A computational toolbox for identifying neurons, recorded with in vivo calcium imaging using miniaturized epifluorescence microscopes (miniscopes), post hoc in histology. Identifying in vivo recorded neurons post hoc allows a cell-type specific discrimination of neuronal subtypes. in vivo recorded calcium imaging data was pre-processed using Inscopix Mosaic software. The best way to start is by looking at the example data provided.
- Semi-automatic alignment and tracking of the same neurons recorded across multiple in vivo Ca2+ imaging experiments
- 3D histology reconstruction from laser confocal microscopy scans
- Manual cell segmentation tool in histology images
- Automatic matching of in vivo recorded cells, post hoc in histology images
If you use this code please cite the paper:
Anner, P., Passecker, J., Klausberger, T., & Dorffner, G. (2020). Ca2+ imaging of neurons in freely moving rats with automatic post hoc histological identification. Journal of Neuroscience Methods, 341(January), 108765. https://doi.org/10.1016/j.jneumeth.2020.108765
The following Matlab toolboxes are required:
- Statistics and Machine Learning Toolbox
- Image processing toolbox
- Optimization toolbox
The following Matlab implementations are required from the Mathworks File Exchange repository:
- Hessian based Frangi Vesselness filter by Dirk-Jan Kroon
- B-spline Grid, Image and Point based Registration by Dirk-Jan Kroon
- Region Growing (2D/3D grayscale) by Daniel Kellner
- sort_nat: Natural Order Sort by Douglas Schwarz
The main script is Main.m that will guide you through the processing operations. Sampledata.mat stores manually derived parameters for processing the sample data provided.
The script InVivo_Align_CaImagingSessions.m loads in vivo recorded Ca2+ imaging data. Ca2+ imaging data was pre-processed with Inscopix Mosaic software. For further details on required structure of in vivo recorded Ca2+ imaging data, please refer to section in vivo Ca2+ imaging data . First, the final experiment for the detection of blood vessels (RECDSA) is loaded and processed. All following experiments are loaded and co-registered with RECDSA. Sampledata.mat data includes all manually defined control points for registration.
Volumetric laser confocal microscope scans are provided within the sample data. Histology was not labeled with antibodies and endogenous Green fluorescence protein (GFP) signals from the Calciun indicator GCaMP6f were scanned. Histology imaging data is processed within Main.m.
Image stacks from volumetric histology scans are loaded using load_histology_imagestack.m. A new window opens, allowing to select all images belonging to the scan of the first histology section. You can select multiple images by using clicking the while pressing the [Shift] button. When you are done with selecting the images click Open to proceed selecting the scanned images of histology section 2. You can repeat the steps until you loaded the images of all histology sections. When done, press cancel to proceed loading the selected files.

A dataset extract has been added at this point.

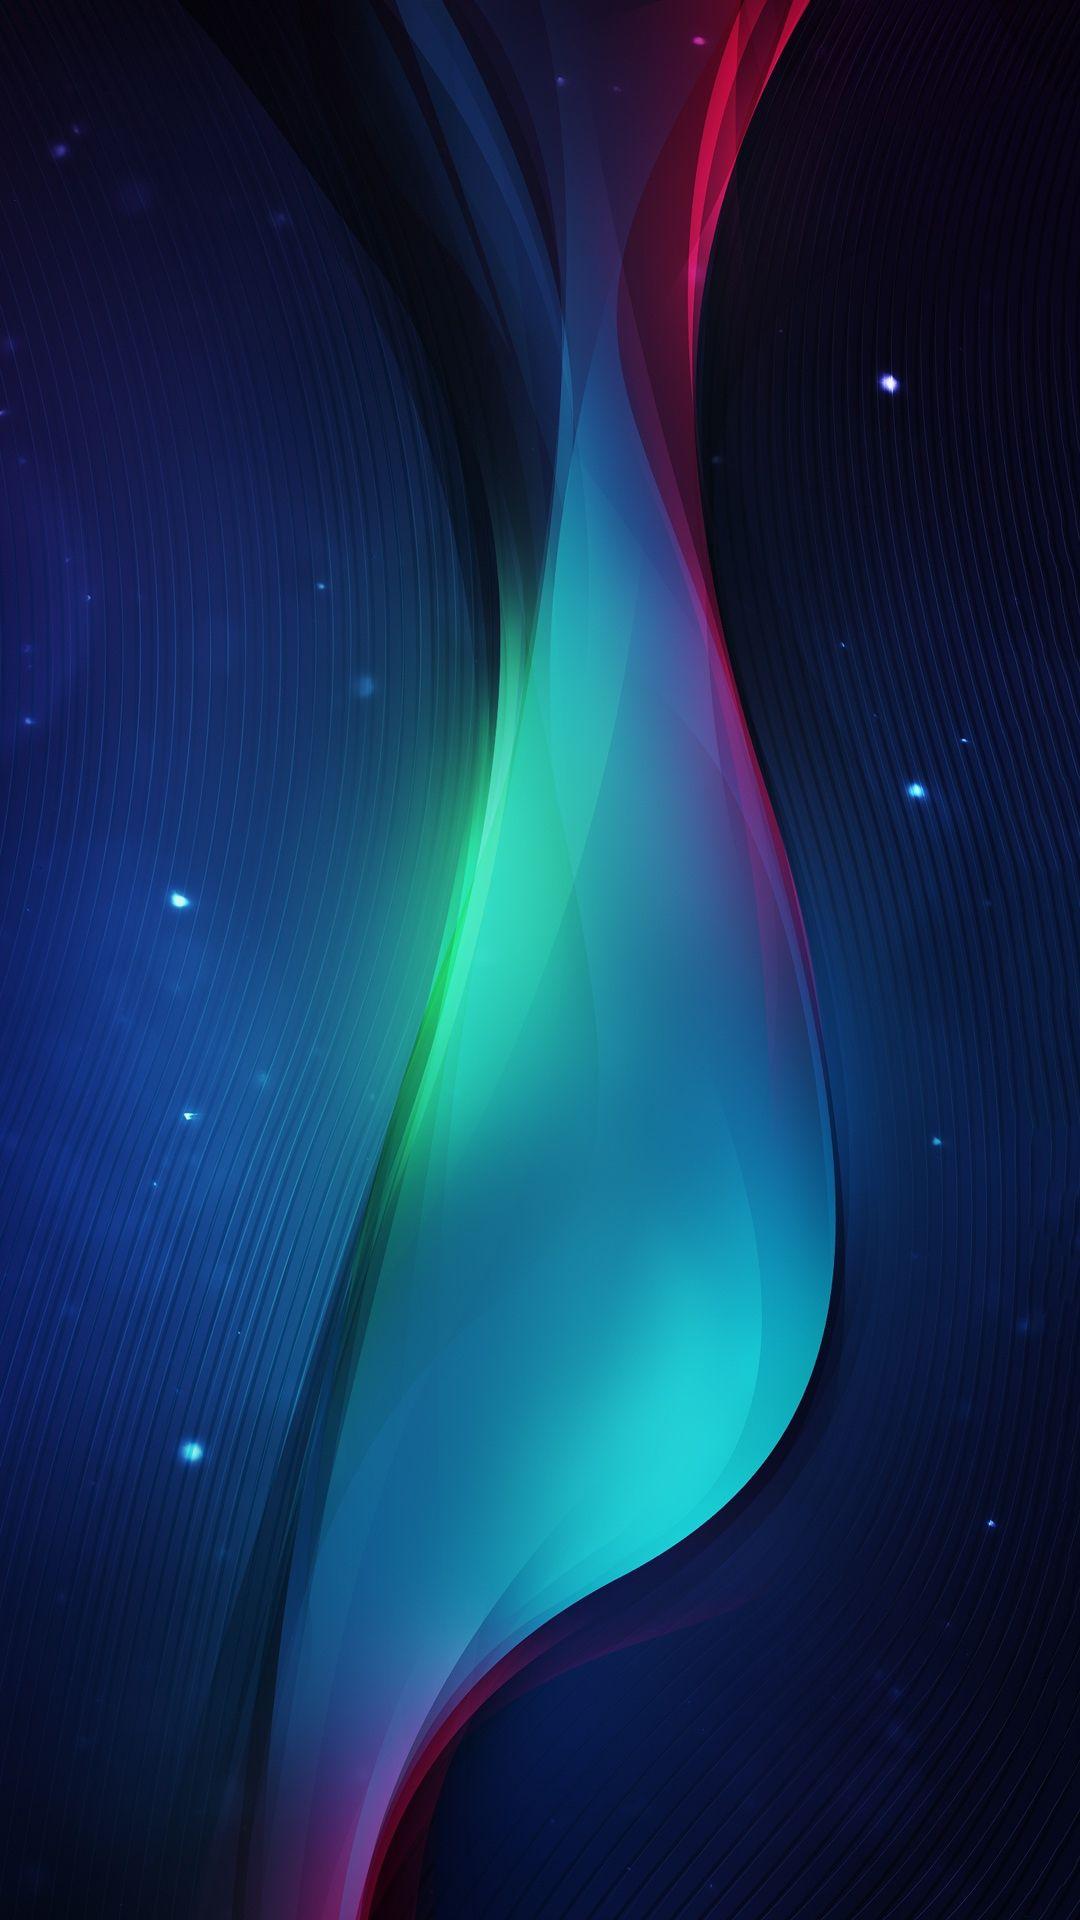 Tải xuống miễn phí Hình nền Android đầy màu sắc theo chiều dọc đầy màu sắc trừu tượng 1080x1920
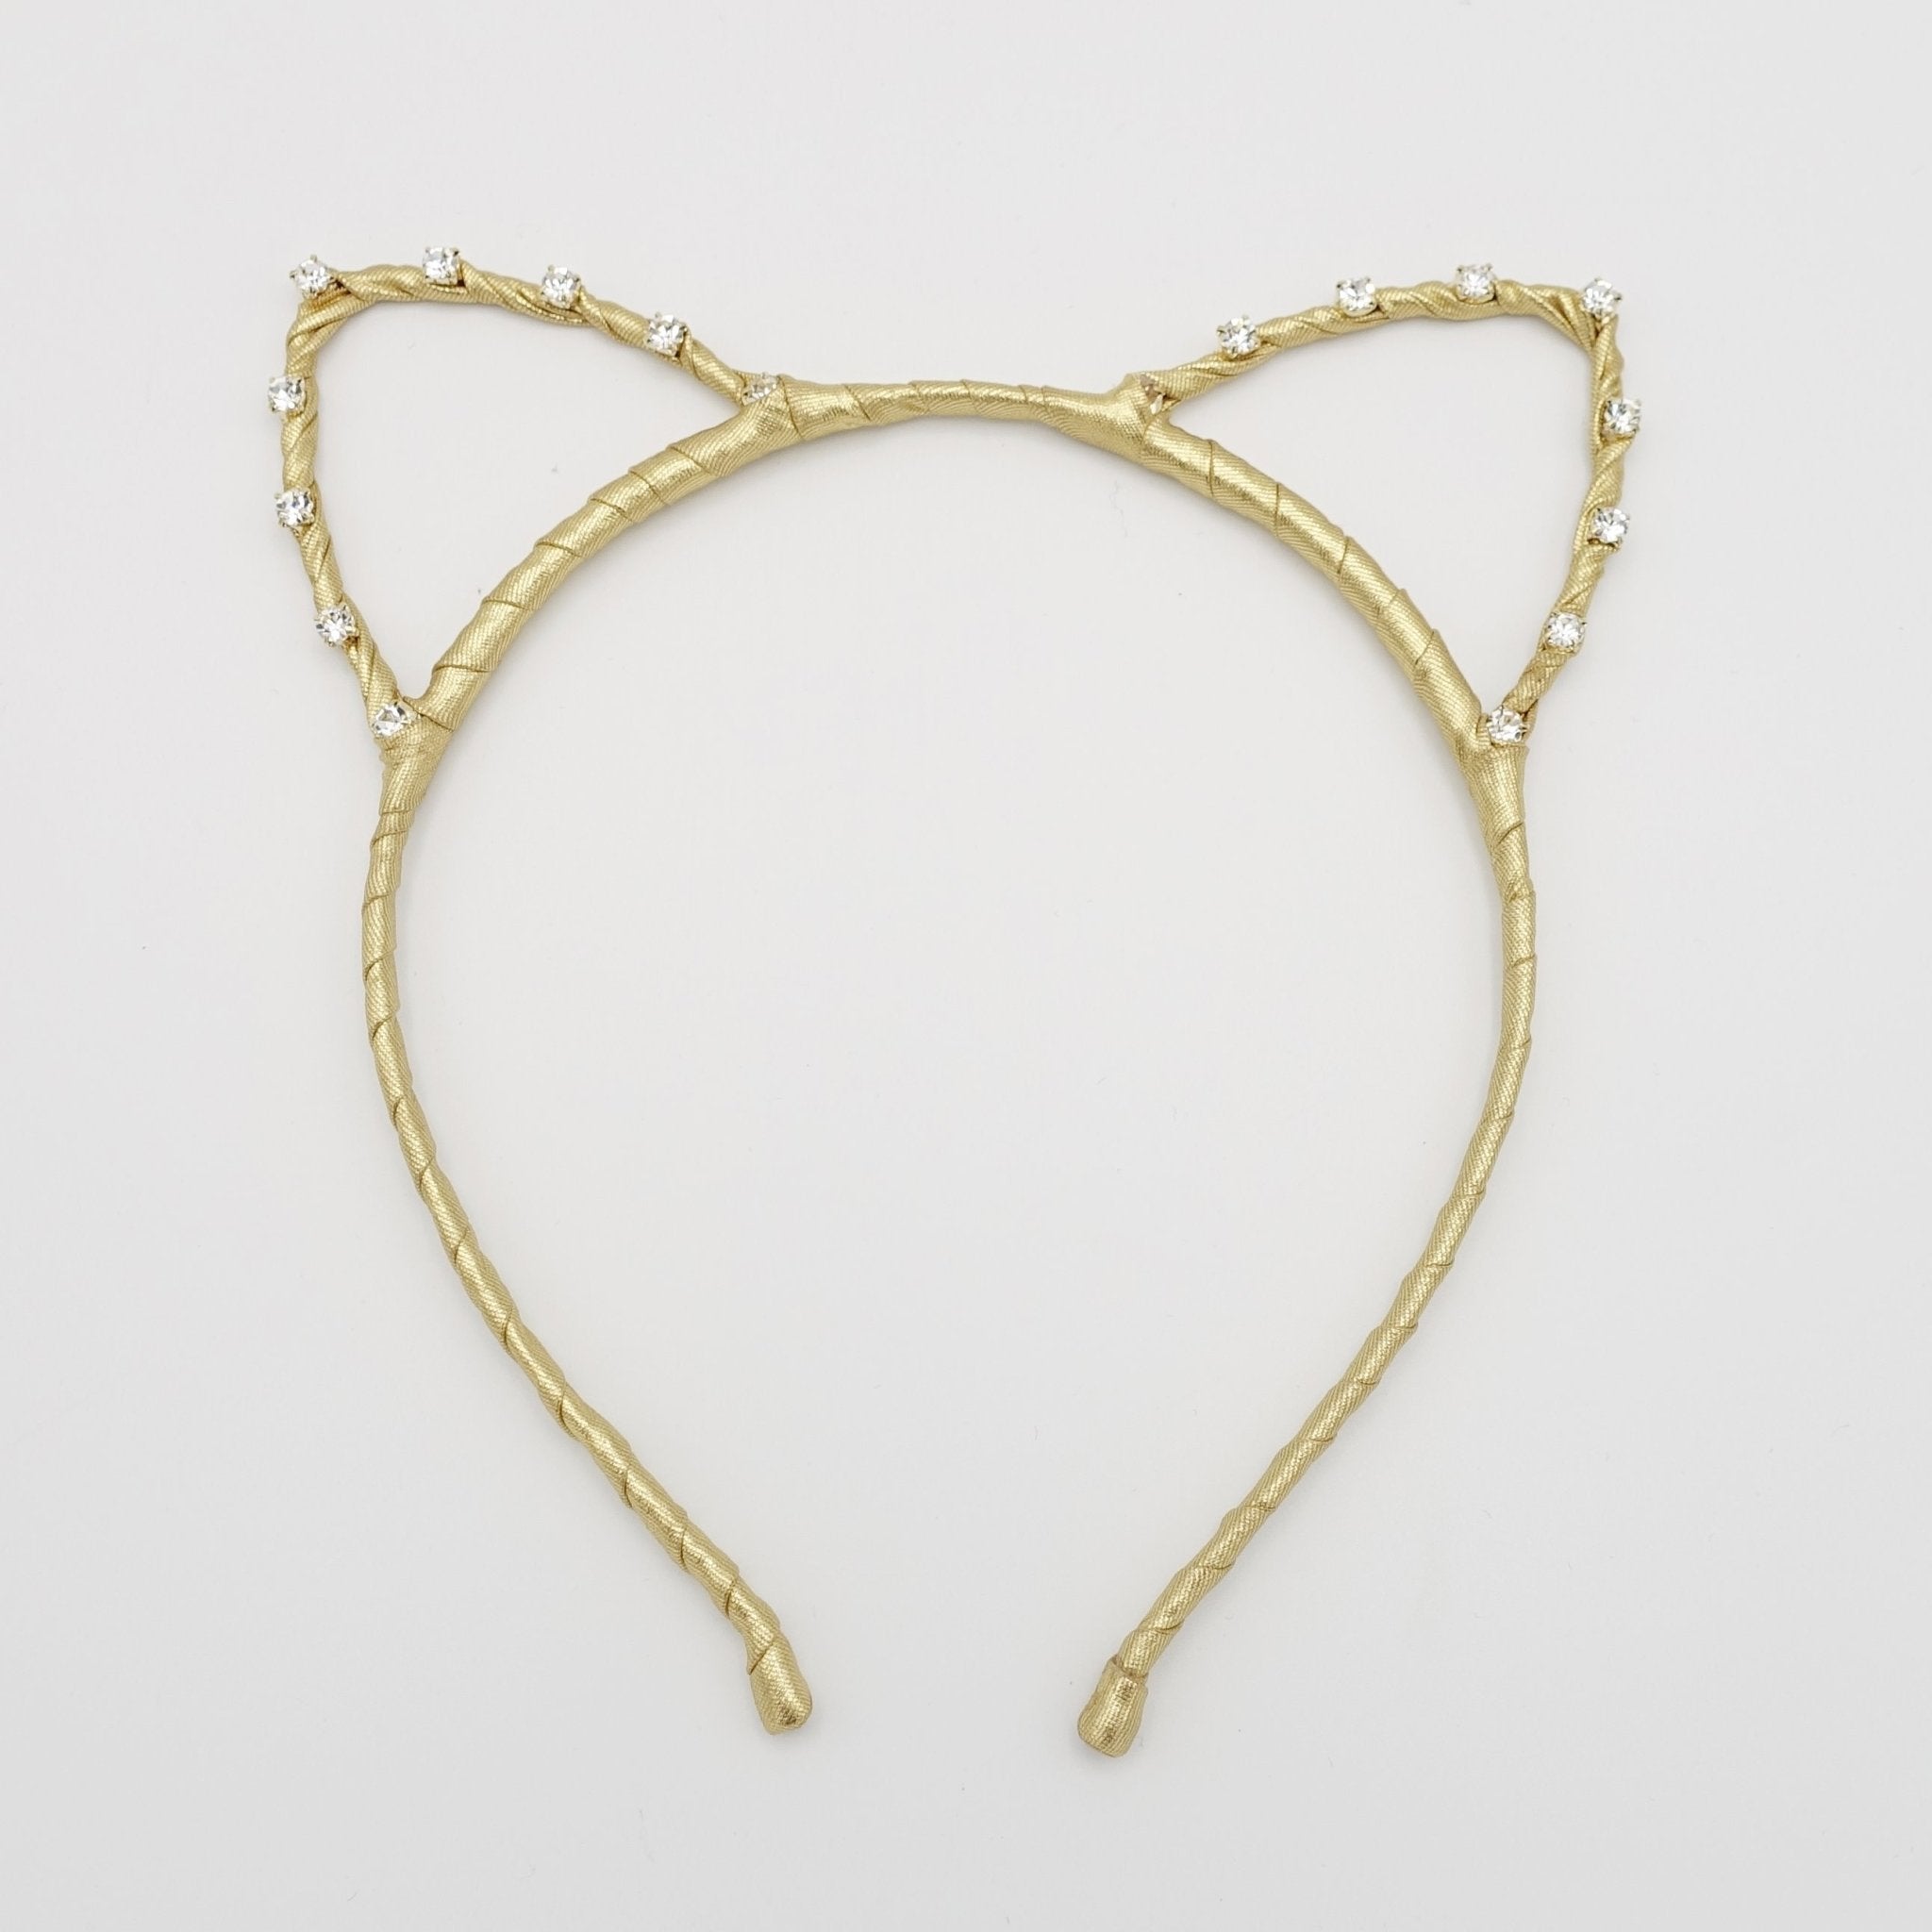 Embellished Rhinestone Rope Ribbon Headband Gold - Pack of 6

If you performed co-labeling of neurons in histology, you must export z-stacks of all channels separately and load them within Main.m. All transformations must then also be applied to the data structures of histology channel 2. When you assess the expression of fluorescent markers of matched cells using plot_interactive_identifiedcells.m, you can switch the displayed channels of the histology scans.
In the sample data, three individual in vivo Ca2+ imaging recordings are provided:
Each in vivo Ca2+ recording consists of:
- a Minimum intensity projection image of the original movie (*.minrec.tif)
- a .csv file containing calcium transients and calcium events
- and a folder IC containing all independent component images (IC) of all identified neurons.
Each .csv file must follow a specific structure:
- The first row contains variable names (export them from Mosaic)
- The first column includes a time code
- The following columns contain dF/F traces, optionally calcium event traces as well.
Further, a final experiment a fluorescent dye was injected into the tail vein of the anaesthetized animal. Prior to the injection of the fluorescent dye, a three-minute-long recording was obtained. Following the injection of the fluorescent dye, another three-minute-long recording was obtained. In this experiment no neuronal activity was recorded. Instead, projection images of the original movies are provided:
- min-natice.tif is a minimum intensity projection image of the recording acquired prior to the injection of the fluorescent dye.
- mean-native.tif is a mean intensity projection image of the recording acquired prior to the injection of the fluorescent dye.
- maxIP-CE.tif is a standard deviation projection image of the recording acquired following the injection of the fluorescent dye.
If you have any questions and comments, please use Github discussions and I will answer as soon as possible. If you find any bugs, please create an issue.
This program is licensed under the Creative Commons Attribution-NonCommercial-NoDerivatives 4.0 International (CC BY-NC-ND 4.0) license. Non-commercial use of the software is free.
This program is distributed in the hope that it will be useful for research, but without any warranties of title, merchantability, fitness for a particular purpose, non-infringement, absence of latent or other defects, accuracy, or the presence or absence of errors, whether or not known or discoverable. See the CC BY-NC-ND License for more details.